California Privacy: A Deeper Dive Into the New Regulations Expected in 2024
In Short
The Background: The California Privacy Protection Agency board ("CPPA" or "Board") is in the process of issuing new regulations as authorized under the California Privacy Rights Act. These three sets of proposed regulations concern cybersecurity audits, risk assessments related to collection of consumer personal information, and use of automated decisionmaking technology ("ADMT").
The Result: The Board has directed staff to prepare the cybersecurity audit regulations for formal rulemaking with authorization to make additional changes. It also directed staff to further revise the risk assessment and ADMT regulations, taking into account public and Board feedback.

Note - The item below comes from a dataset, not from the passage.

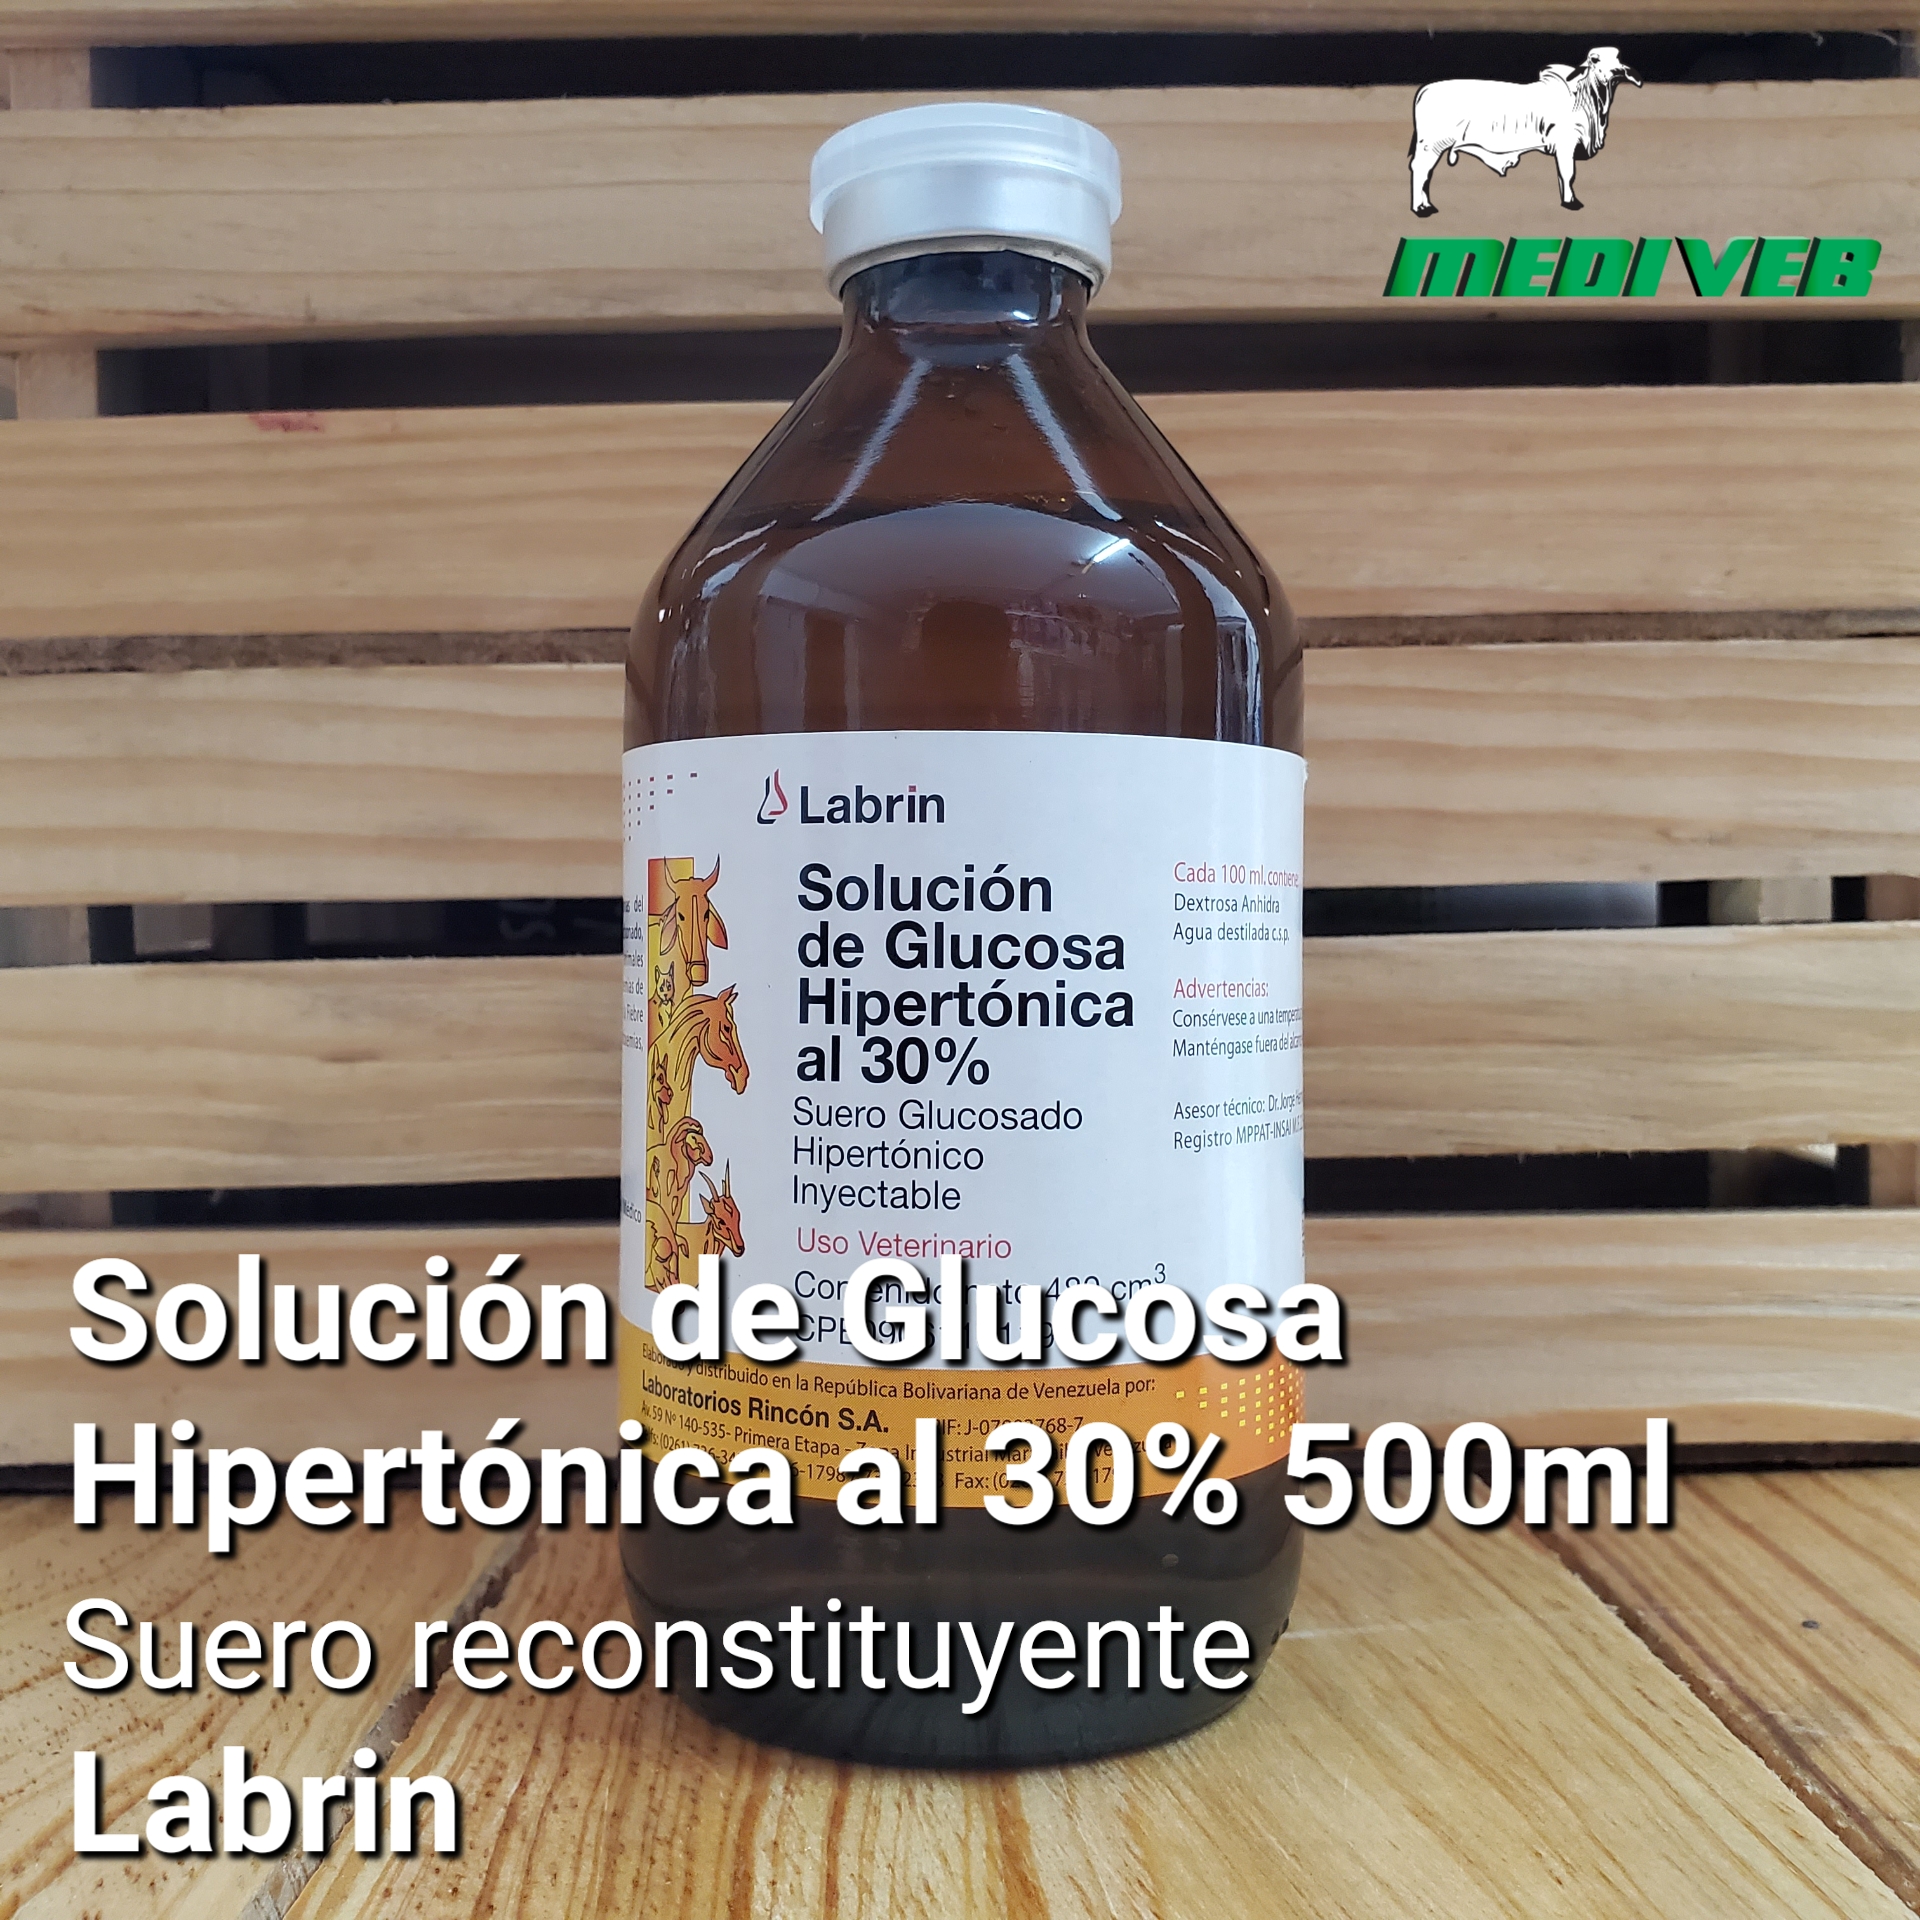 https://mediveb.com/tienda/wp-content/uploads/2020/07/solucion-glucosa-30.jpg

Looking Ahead: Although the proposed regulations are not finalized, the Board's discussion and revisions provide insight into how these key privacy issues will be handled in the upcoming regulations. The next drafts of the risk assessment and ADMT regulations are expected in the next few months, but the Board did not commit to a specific date in its January 12 meeting.
In December 2023, the Board voted to proceed with new California Privacy Rights Act regulations for cybersecurity audits, risk assessments, and ADMT. With the Board's recent win at the California Court of Appeal allowing for accelerated enforcement of previous regulations, we expect these proposed new regulations to be finalized and enforced this year. Key aspects of these proposed new regulations are discussed below.
Cybersecurity Audits
As currently drafted, the cybersecurity audit regulations require businesses to complete annual cybersecurity audits if their processing of consumers' personal information presents a "significant risk" to consumers' security. A business's processing presents a "significant risk" if the business: (i) derives 50% or more of its annual revenues from selling or sharing consumers' personal information; OR (ii) has annual gross revenues in excess of $25 million and one of the following applies: the business processes the personal information of 250,000 or more consumers, the sensitive personal information of 50,000 or more consumers, or the personal information of 50,000 or more consumers less than 16 years of age. The exact thresholds are subject to change as the Board seeks further economic and public comment to inform the threshold levels.

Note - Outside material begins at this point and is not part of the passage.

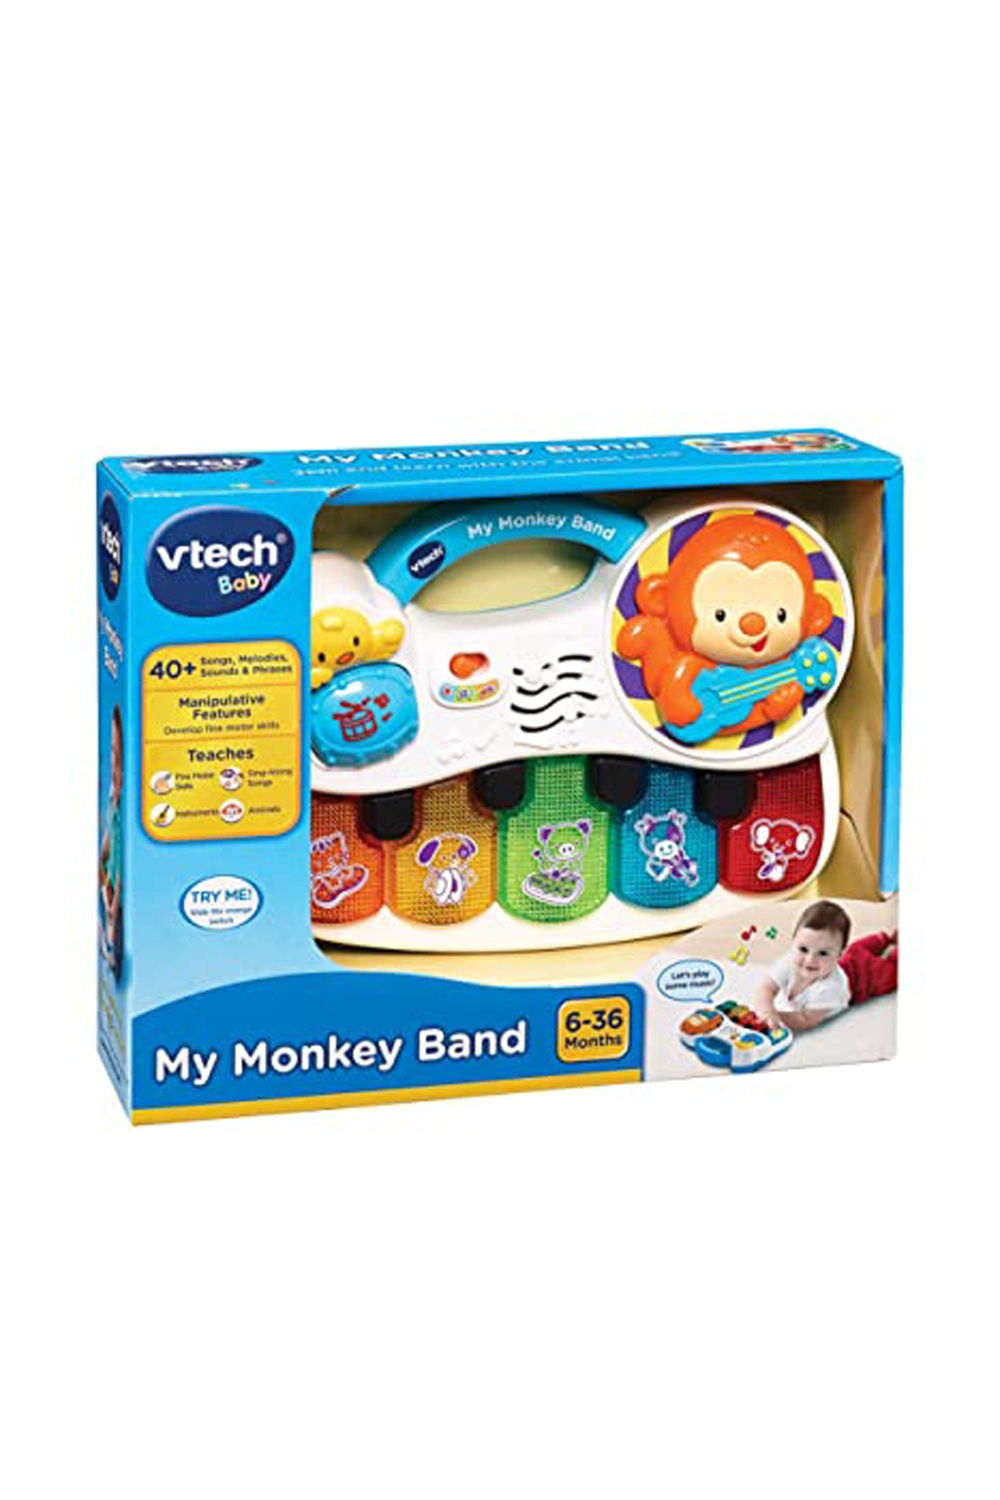 VTech Monkey Band Music Center

The audits, which would be performed by an internal or external independent auditor, would assess the business's cybersecurity program, identify any weaknesses, and document the business's plan to address such weaknesses.
Risk Assessments
The risk assessments also require businesses to complete risk assessments if their processing of consumers' personal information presents a "significant risk" to consumers' privacy. Examples of processing activities that present "significant risk" to consumers' privacy include selling or sharing consumer personal information, processing sensitive personal information, using ADMT to profile or make decisions with "legal or similarly significant effects" about a consumer, and knowing processing of personal information of consumers under the age of 16.

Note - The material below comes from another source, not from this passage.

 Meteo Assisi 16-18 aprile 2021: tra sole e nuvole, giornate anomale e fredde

There are several proposed risk assessment requirements, including requiring businesses to develop a summary of processing and categories of personal information to be processed, the context of the processing, consumers' reasonable expectations regarding the purpose of processing and the actual purpose of processing, and the "negative impact" to consumers' privacy because of the processing, among others. The scope of each category of assessments is expected to be further limited.
ADMT
The proposed ADMT regulations define ADMT broadly as "any system, software or process . . . that processes personal information . . . to make or execute a decision or facilitate human decisionmaking." The regulations would apply to businesses that use ADMT to profile consumers or make decisions producing "legal or similarly significant effects" about a consumer, meaning any decision that results in access to or denial of financial services, housing, insurance, education, criminal justice, employment or independent contracting opportunities, healthcare services, or essential goods or services.
Businesses using AMDT would have three obligations: to provide consumers with a pre-use notice, an opportunity to opt-out, and access rights. The pre-use notice obligations would require businesses to provide a detailed explanation of the purpose for which they use ADMT before using it. Opt-out obligations would require businesses to clearly state the consumer's right to opt-out of certain uses of ADMT and provide instructions on at least two methods to do so. Lastly, access rights would require businesses to provide information about their use of ADMT, including their purpose for using ADMT, the logic of the ADMT, and whether the use of ADMT was evaluated for validity, reliability, and fairness. There are exceptions to the opt-out and access rights obligations, including exceptions for cybersecurity and fraud prevention, but they are still being crystallized.
During the December meeting, some Board members expressed concern that the ADMT definition was too broad and would encompass nearly any platform that businesses use in the ordinary course. In response, the Board is expected to further revise the definition to avoid unnecessarily chilling business practices. A narrower definition of ADMT will have significant implications for which businesses are covered.
Two Key Takeaways
- Once implemented, the regulations will impose significant obligations related to key privacy issues on covered businesses. We expect the Board to meet in the coming months to discuss the next draft of the regulations.
- Businesses should begin considering how they may be covered under the new regulations and the parameters of these regulations, because they pertain to key privacy issues.